PROBLEM DESCRIPTION »
The lines to output run from the first line of the entries below through the line containing "Benefits of indoor"; copy them exactly and leave out pictures.

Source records
_ _ _

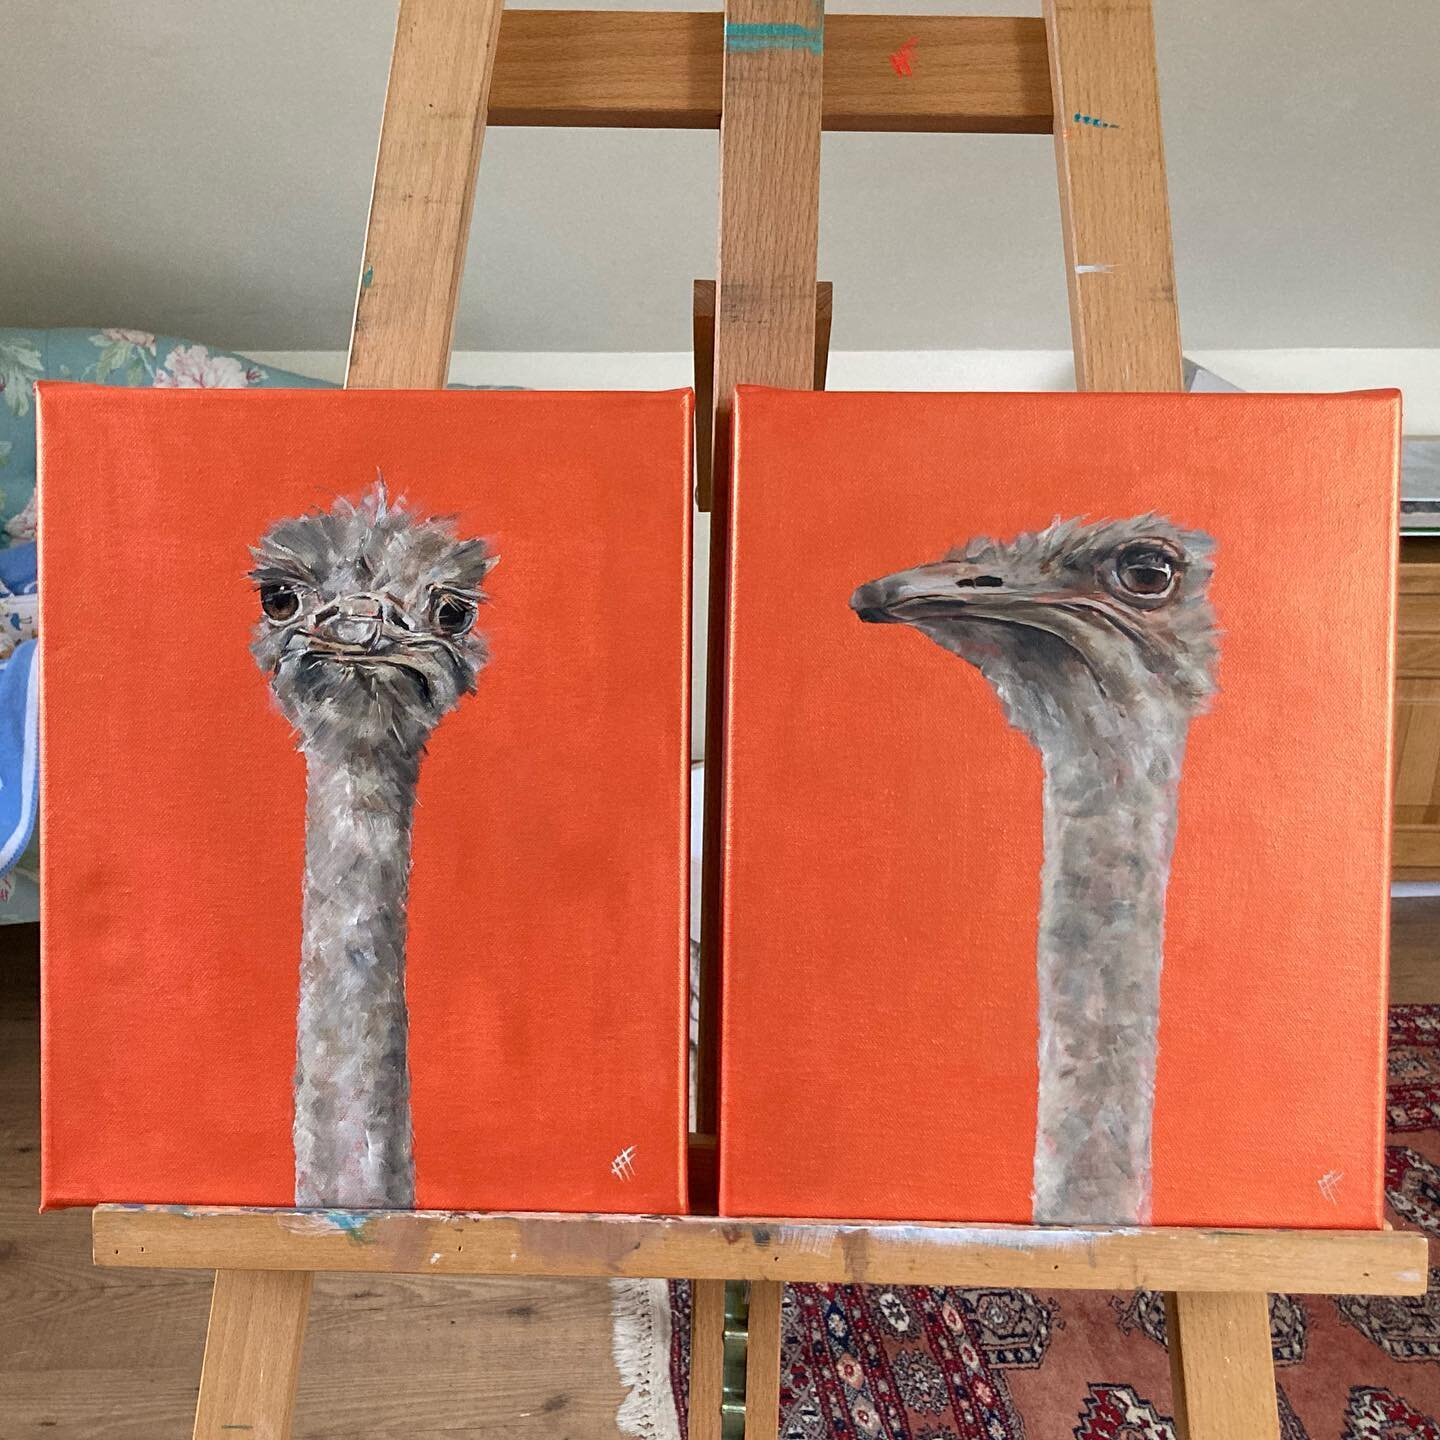 Otis and Oswald, two orange ostriches ready for the framers&hellip; 🧡

Oil and acrylic on 11x14 inch box canvases. For sale on the website (price to include framing). 

https://www.hannahtreliving.com/originals-shop

#originalart #contemporaryart #a
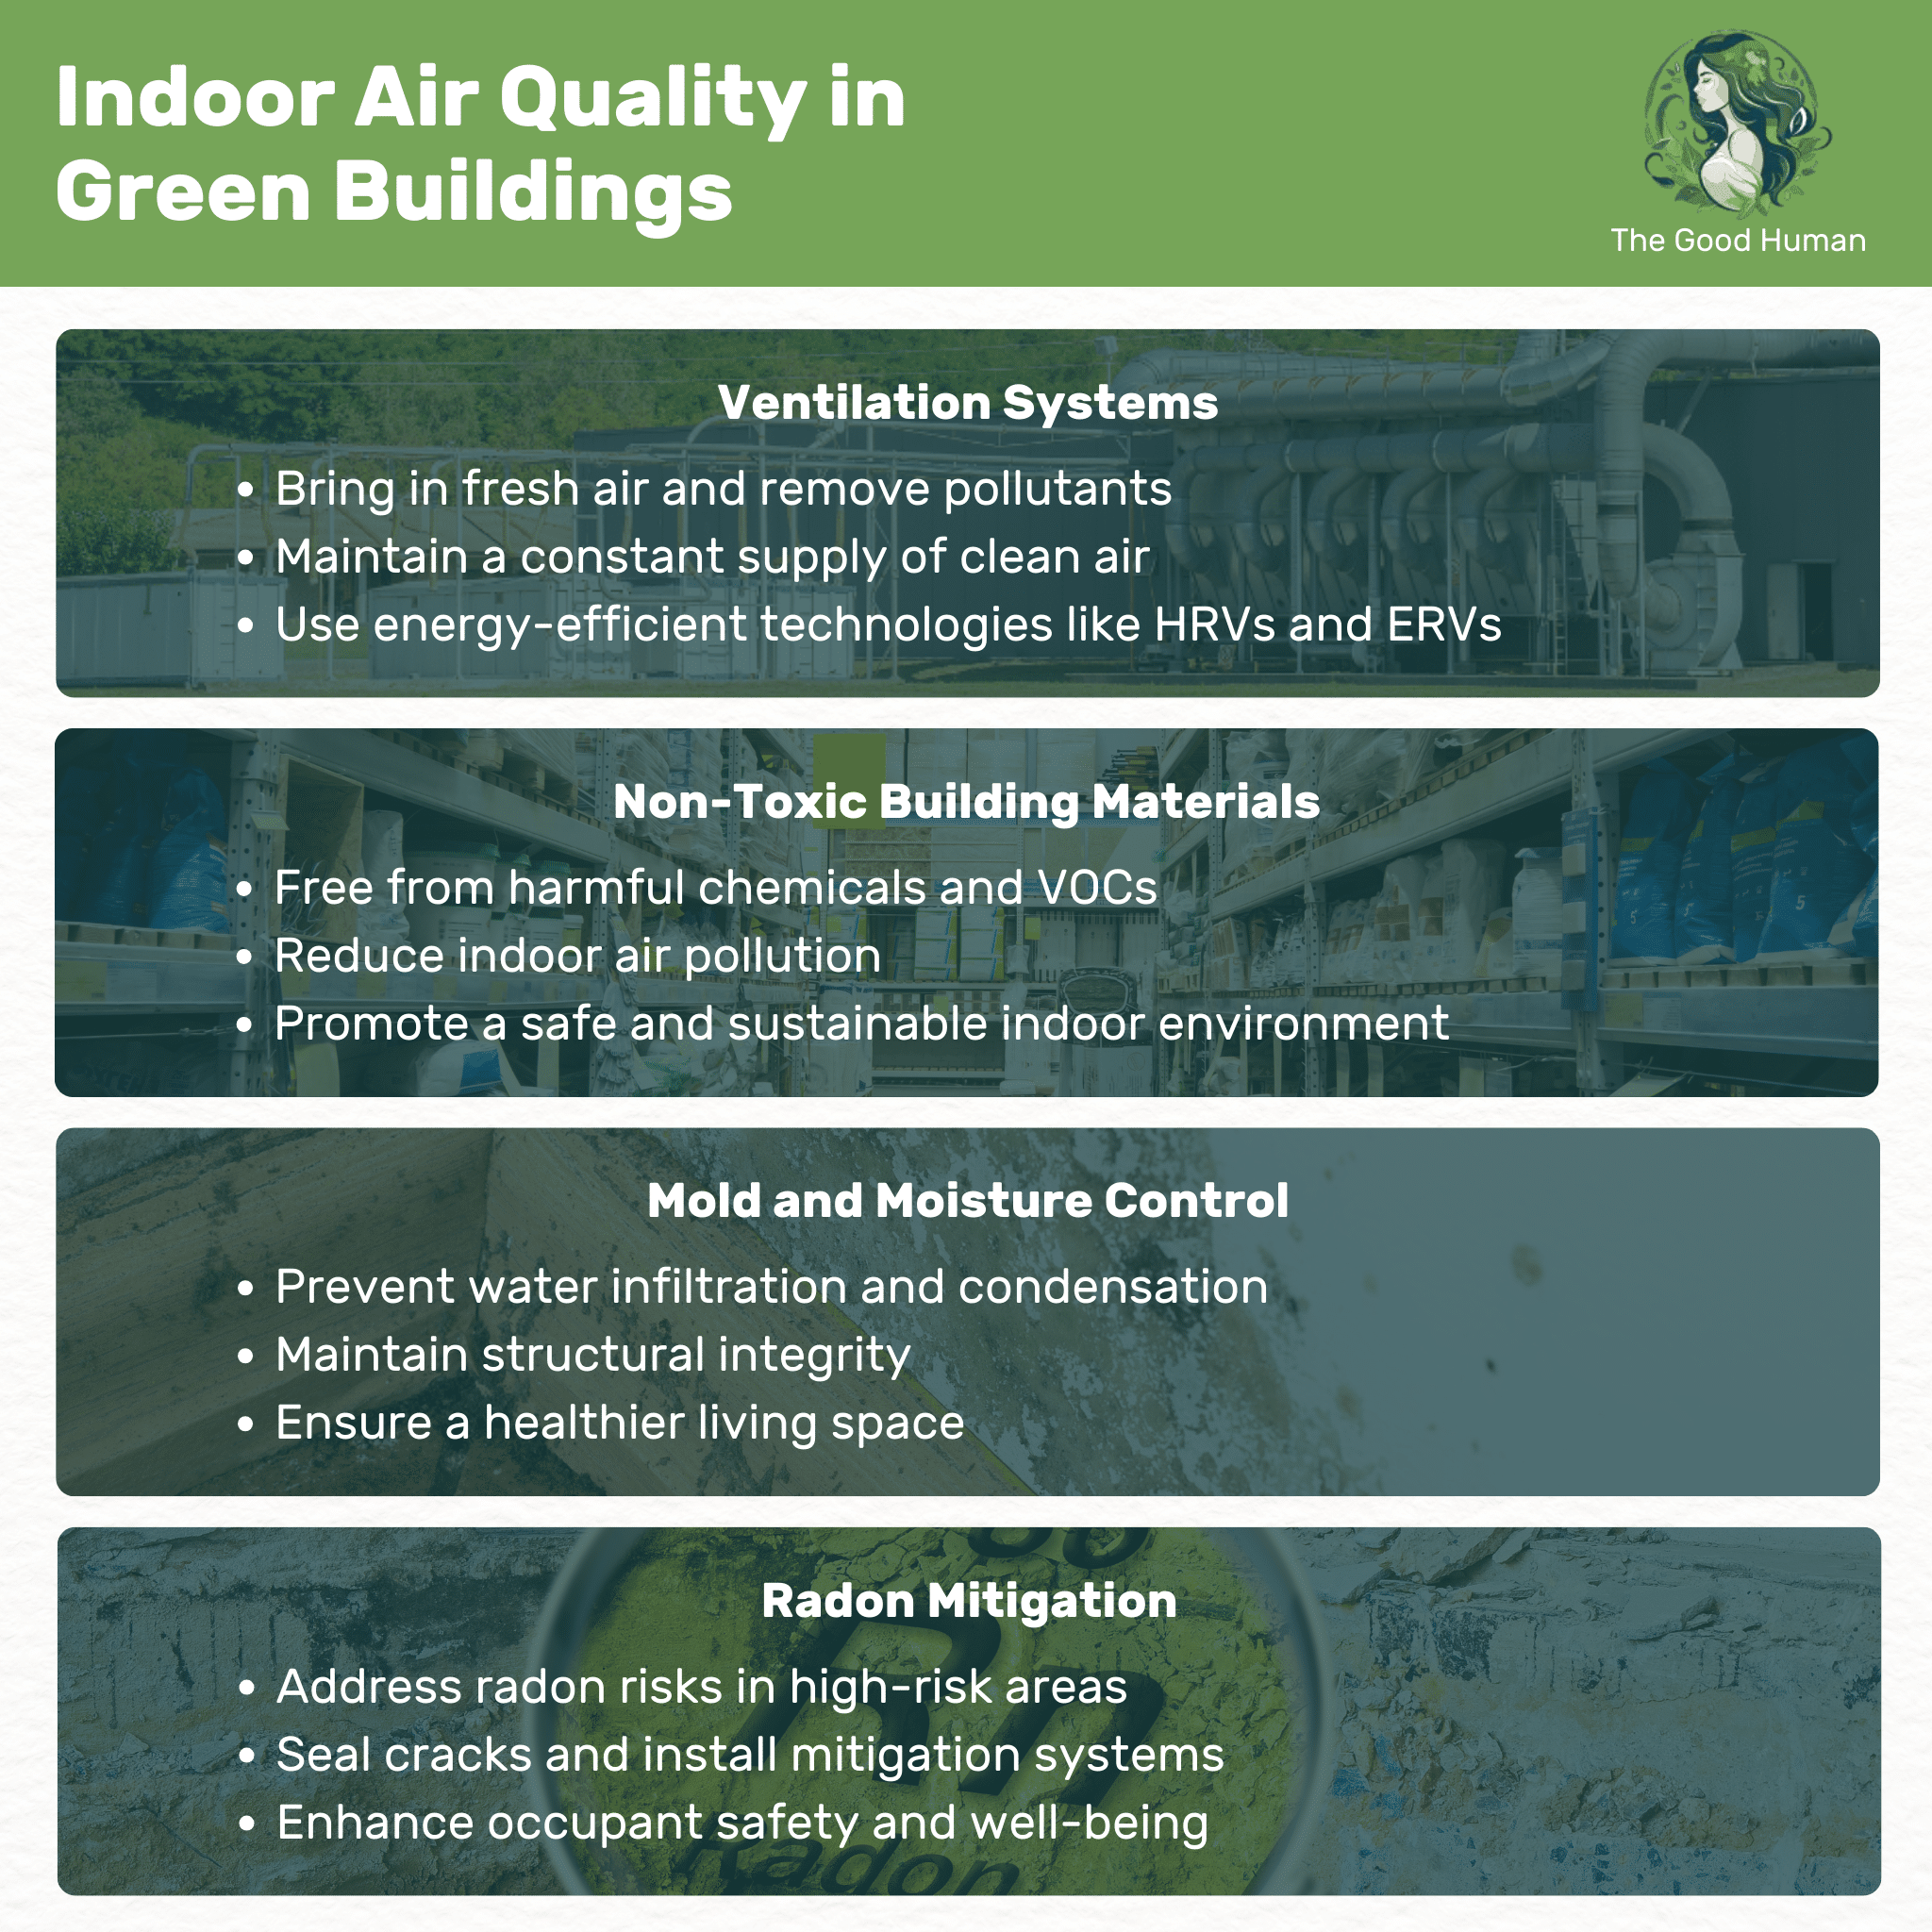 Benefits of indoor air quality in green buildings
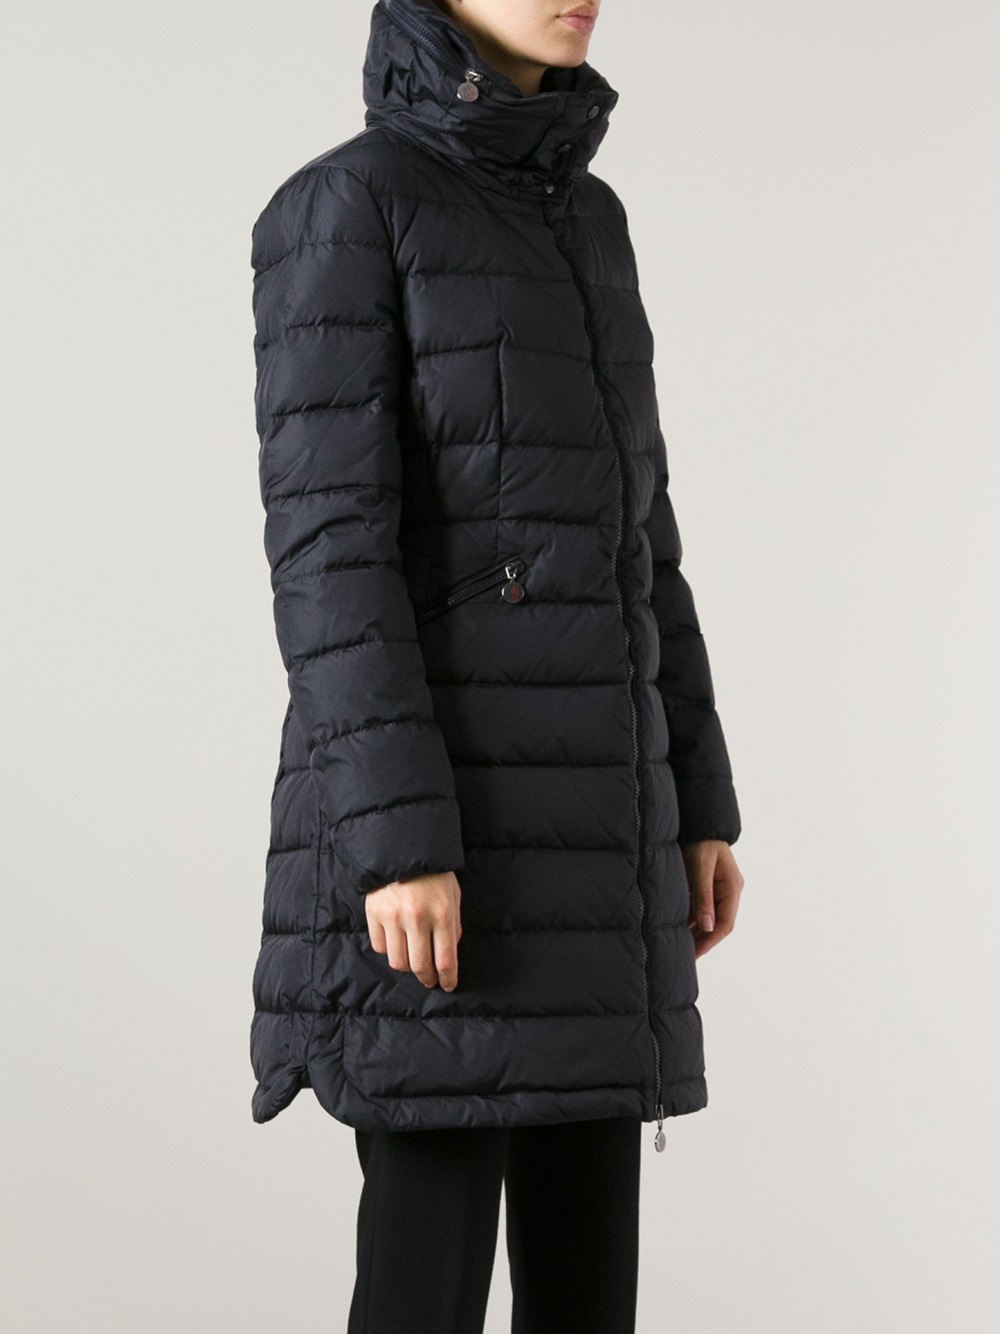 Lyst - Moncler Flamme Feather Down Coat in Blue
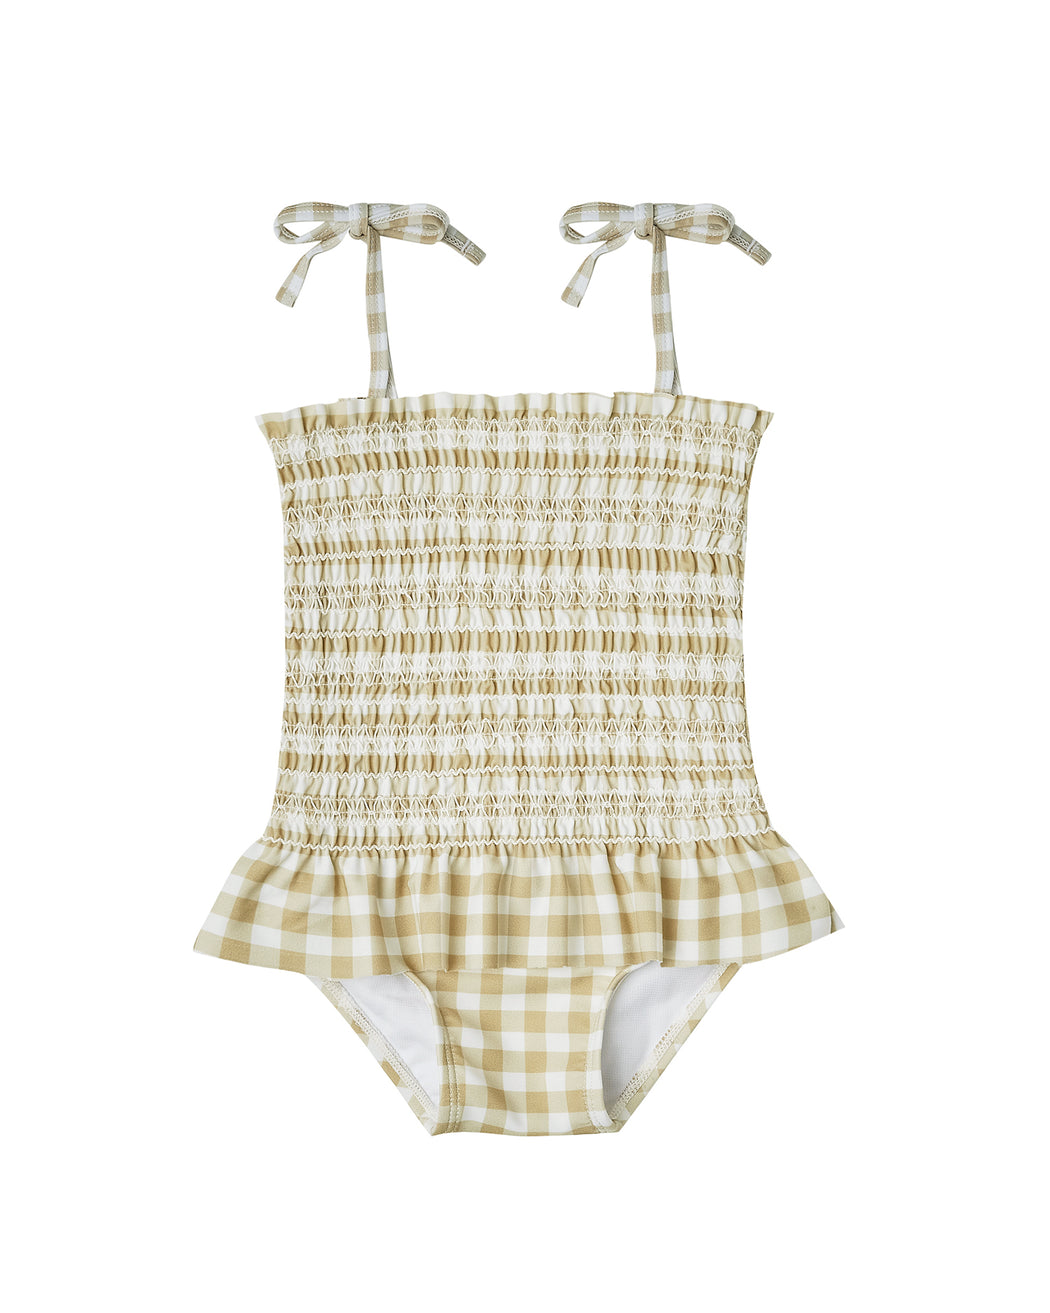 Smocked One Piece Swimsuit – Butter Gingham

_ _ _

RESULT OF THIS EXERCISE »
 Otis and Oswald, two orange ostriches ready for the framers&hellip; 🧡

Oil and acrylic on 11x14 inch box canvases. For sale on the website (price to include framing). 

https://www.hannahtreliving.com/originals-shop

#originalart #contemporaryart #a
 Benefits of indoor air quality in green buildings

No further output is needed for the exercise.